----- Supplied data -----

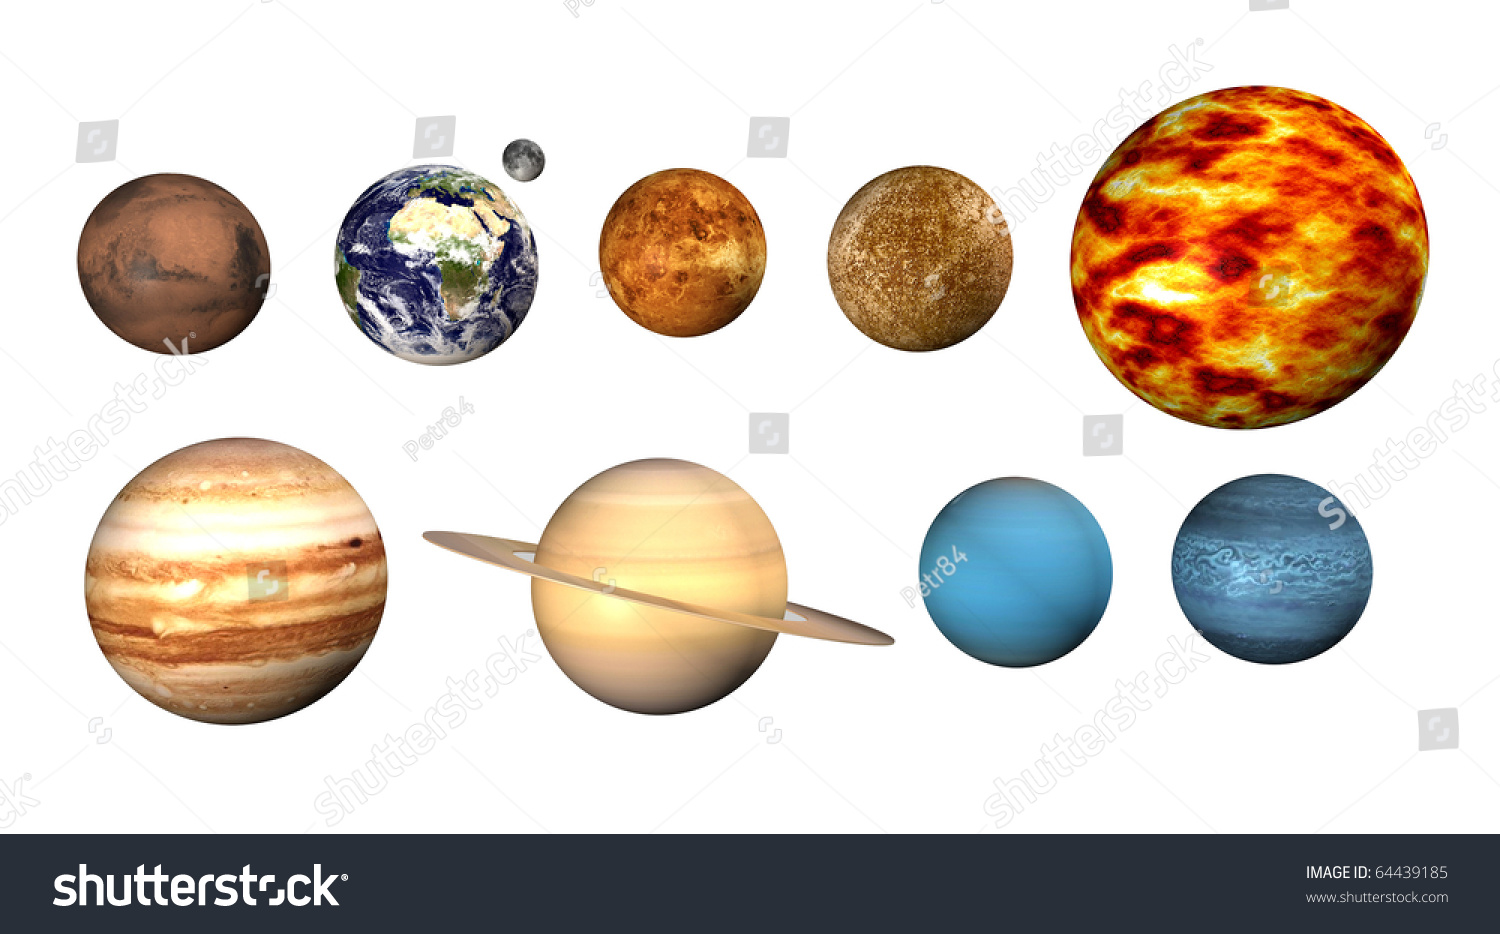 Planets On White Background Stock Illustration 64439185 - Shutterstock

-----
----- Supplied data -----

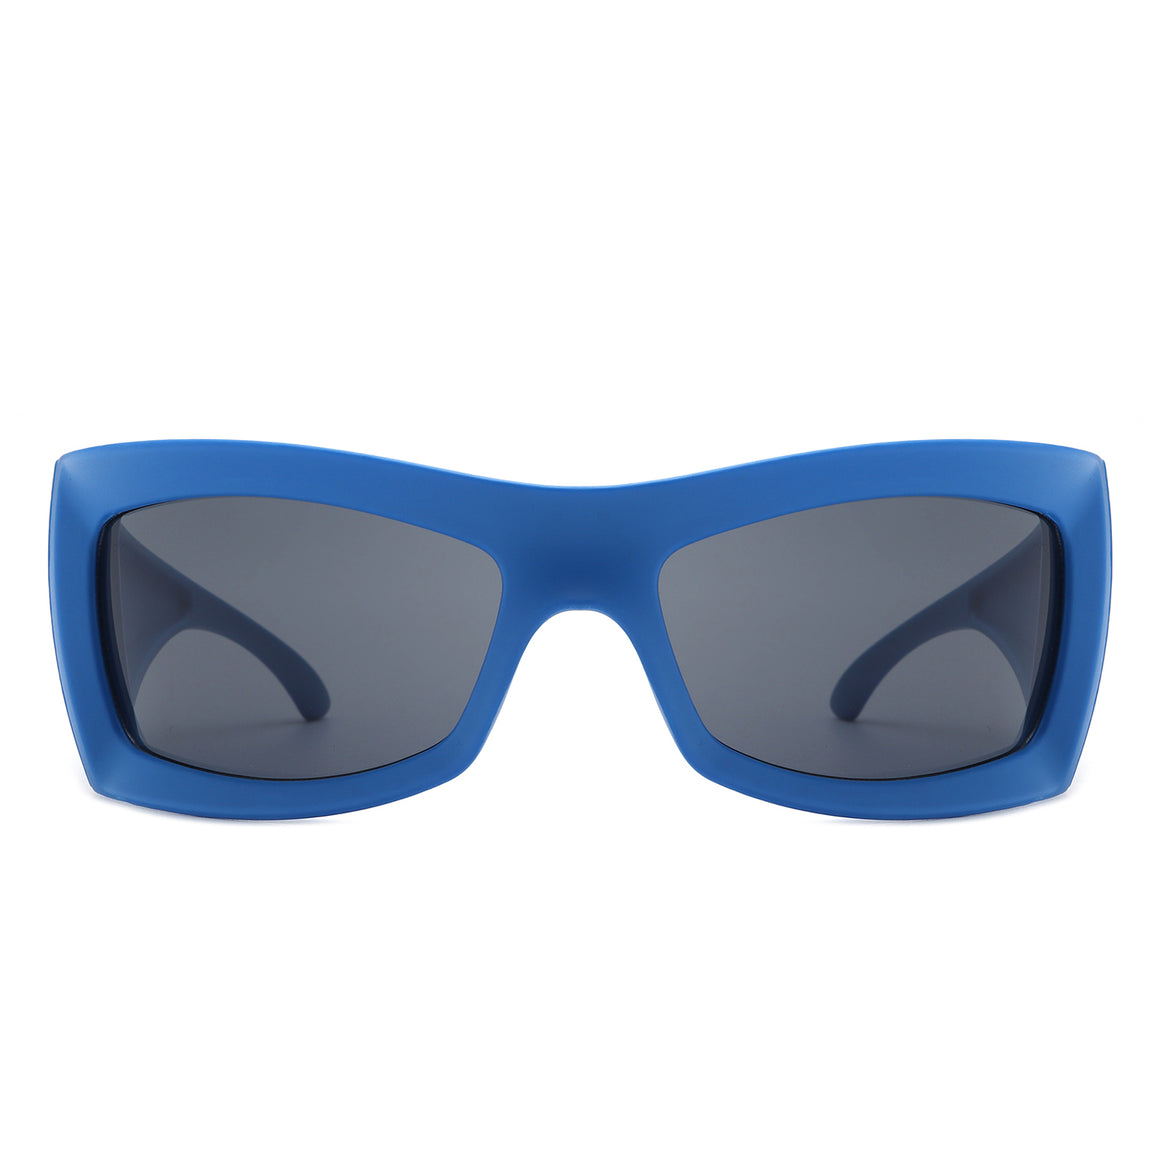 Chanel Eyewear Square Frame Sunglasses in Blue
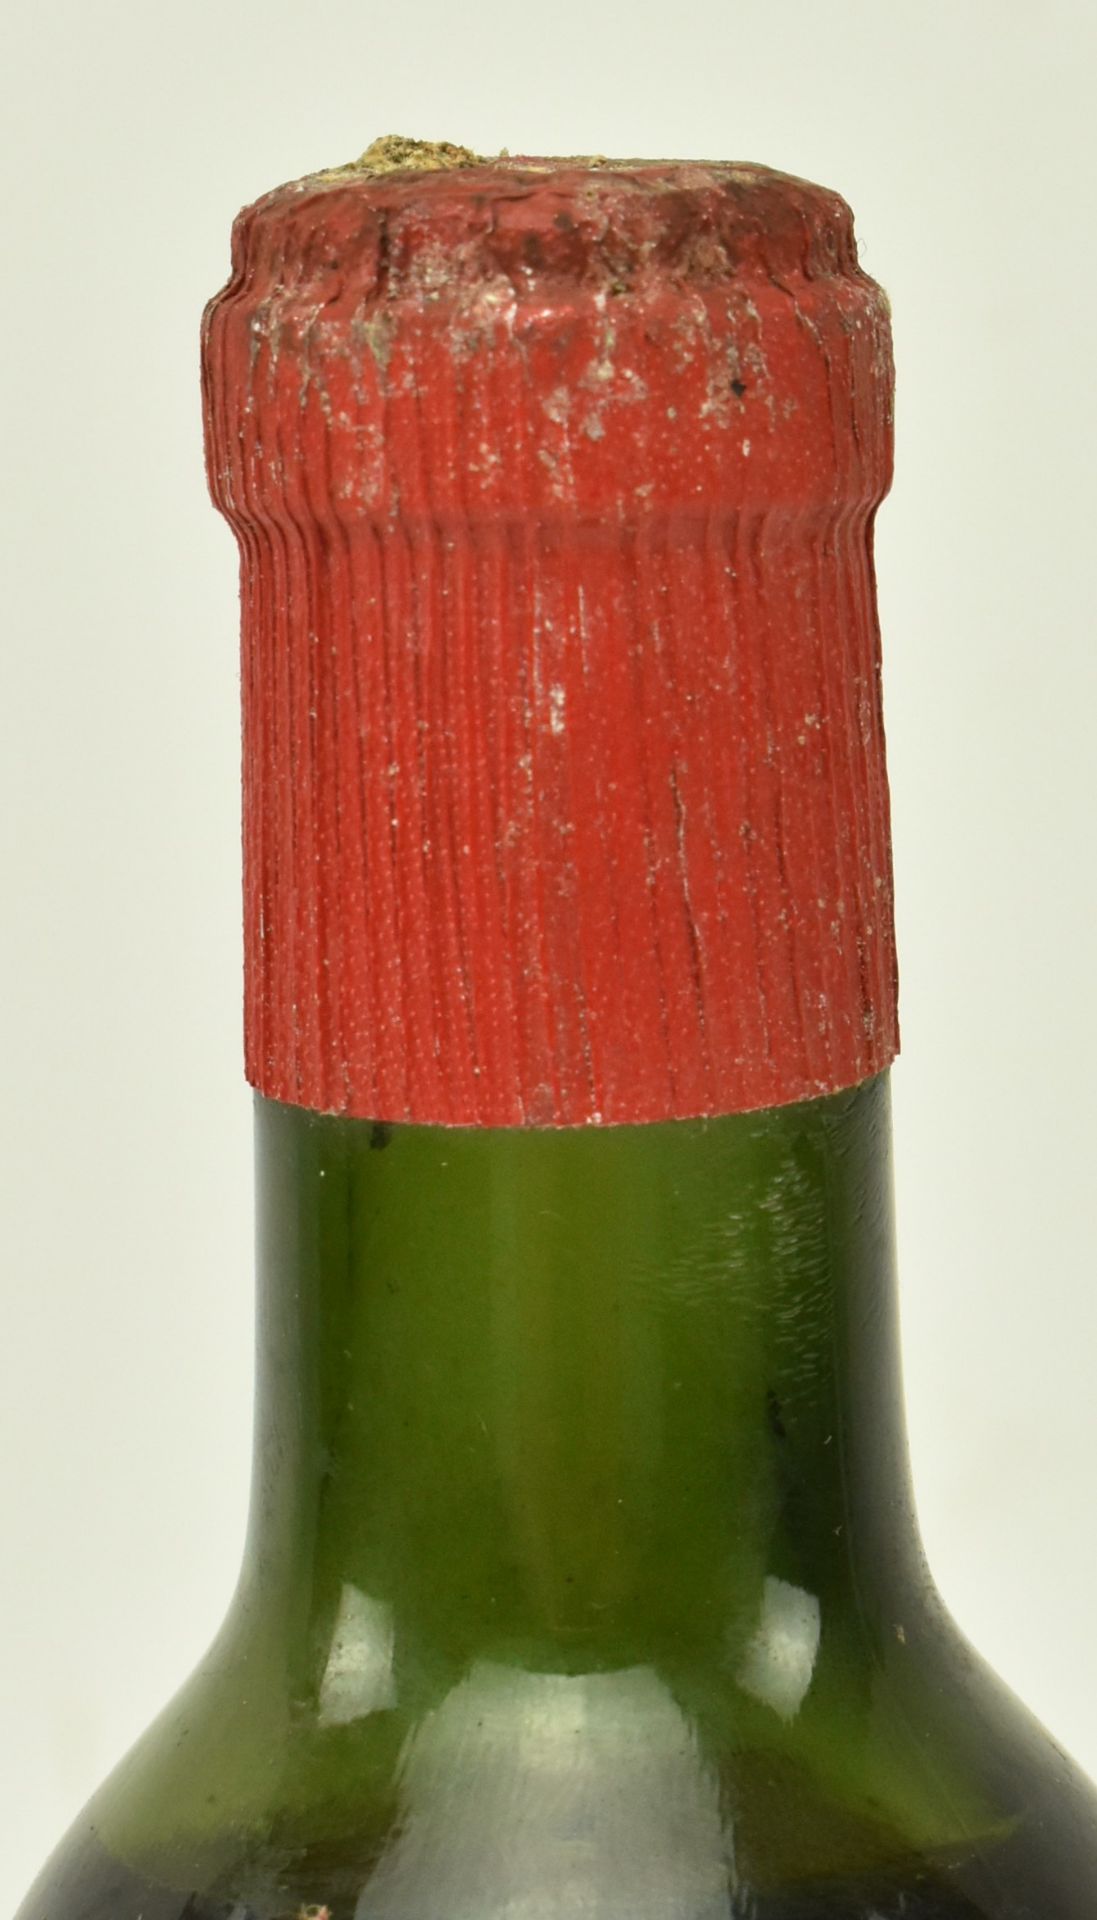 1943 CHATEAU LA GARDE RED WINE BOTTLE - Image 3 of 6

-----

◆ **Exercise goal**: In the listing above, find the line with "Chanel Eyewear Square" and the line with "1943 CHATEAU LA". Output both, plus every line between them, and no pictures.

◆ **Your solution**:
 Chanel Eyewear Square Frame Sunglasses in Blue
 1943 CHATEAU LA GARDE RED WINE BOTTLE - Image 3 of 6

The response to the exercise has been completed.